We all need to build bridges and increase understanding across borders -- state borders. I am contacting relatives and friends from Ohio and listening but challenging misperceptions and misrepresentations of facts. We need to increase communication between red and blue areas to reach together for a better country and a more common understanding -- breaking through the Orwellian narrowcast self-determining realities.
PaulB (Cincinnati, Ohio)
When I read these kinds of profiles, I am always struck by people's unwillingness to support reforms that really would help them. Where is the outcry for, at a minimum, a public health care option based upon an expension of Medicare? Where is the cry to rein in capitalism's many flaws and excesses? On Social Security, where is the support for raising the cap on contributions that will sustain this program well into the future? Where is the support for investment in alternative energies that would employ people and also help stay the encroaching hand of climate change?

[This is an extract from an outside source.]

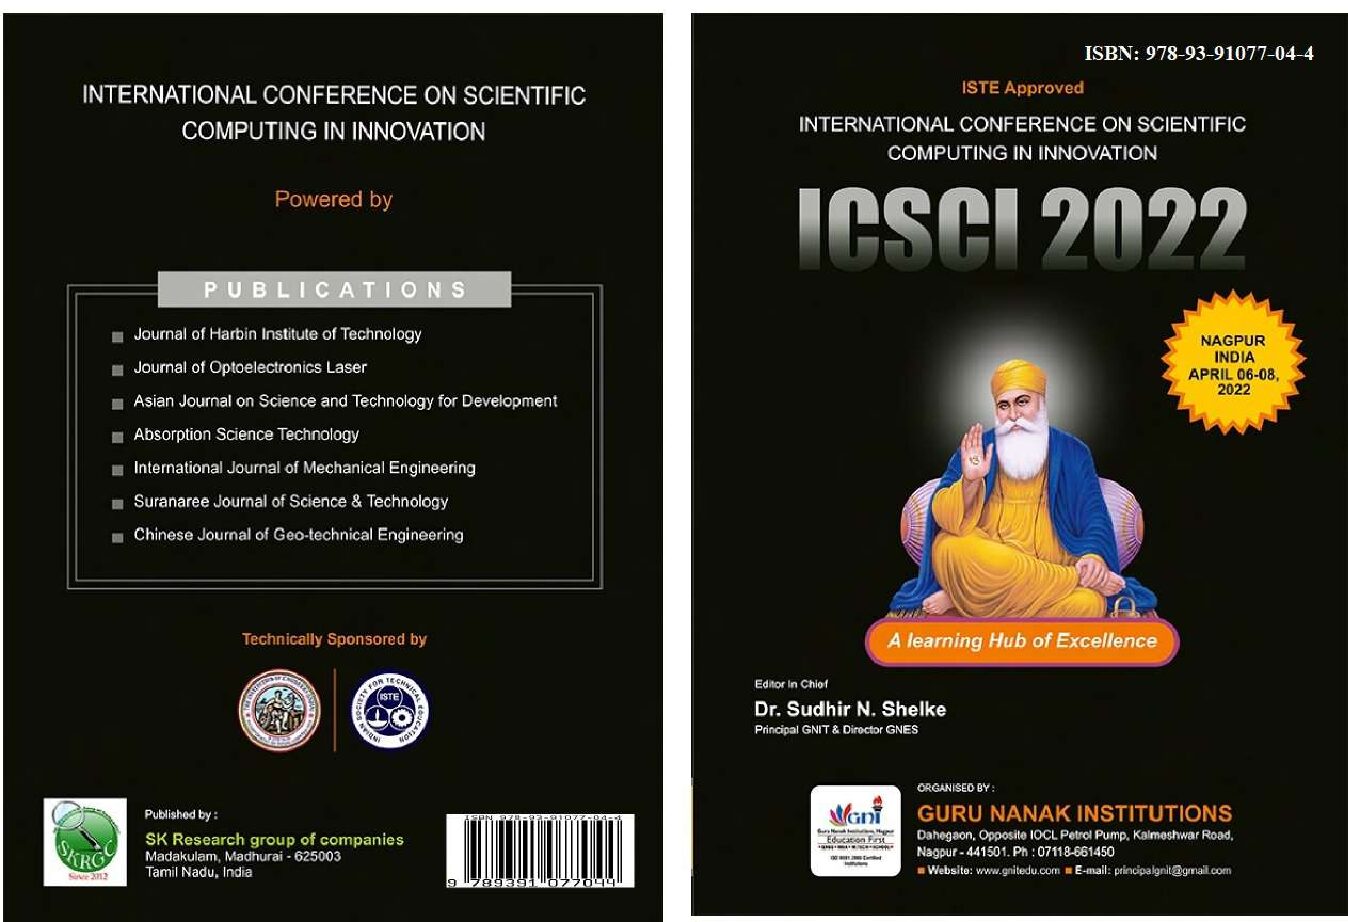 International Conference on Scientific Computing in Innovation, Jointly Organising, ISTE Approved. In Collaboration with The Institutions of Engineers (India) (NLC) (ICSCI-2022) 6th – 8th April 2022 (Hybrid Mode). Guru Nanak Institutions, Guru Nanak Institute of Technology and Guru Nanak Institute of Engineering and Technology, Nagpur, India.

These issues have been raised, by Sanders most recently. But he had limited appeal beyond a core of like-mind crusaders; the general population seemed not to notice or care about his ideas.

We -- or at least a large portion of the population -- strongly want change. But in reality, we seem to want only incremental change, not bold steps, and we seem hypnotized by a longing for some idyllic past. We are letting caution and political ennui stifle our can do spirit. Frankly, there is a lack of a national, American imagination, and it is keeping us captive to stasis and fear.
stephen (Los Angeles)
My reply to the "Creatures" supporters is this:

On some great and glorious day the "Plain" folks will reach their hearts desire at last , and the White House will be adorned by a downright moron"

H.L. Mencken!
tepafish (mn)
As a Minnesotan, I'd just like to say that the similarities between Ventura and Trump are superficial. As a big mouth, Ventura said cringe-worthy things, but he wasn't anti-press, he didn't threaten people's lives, he didn't sound like a fascist, and he was socially liberal. In governing he was a bit lost, but took a little out of Dems and a little out of Rep. handbooks - he wasn't that bad.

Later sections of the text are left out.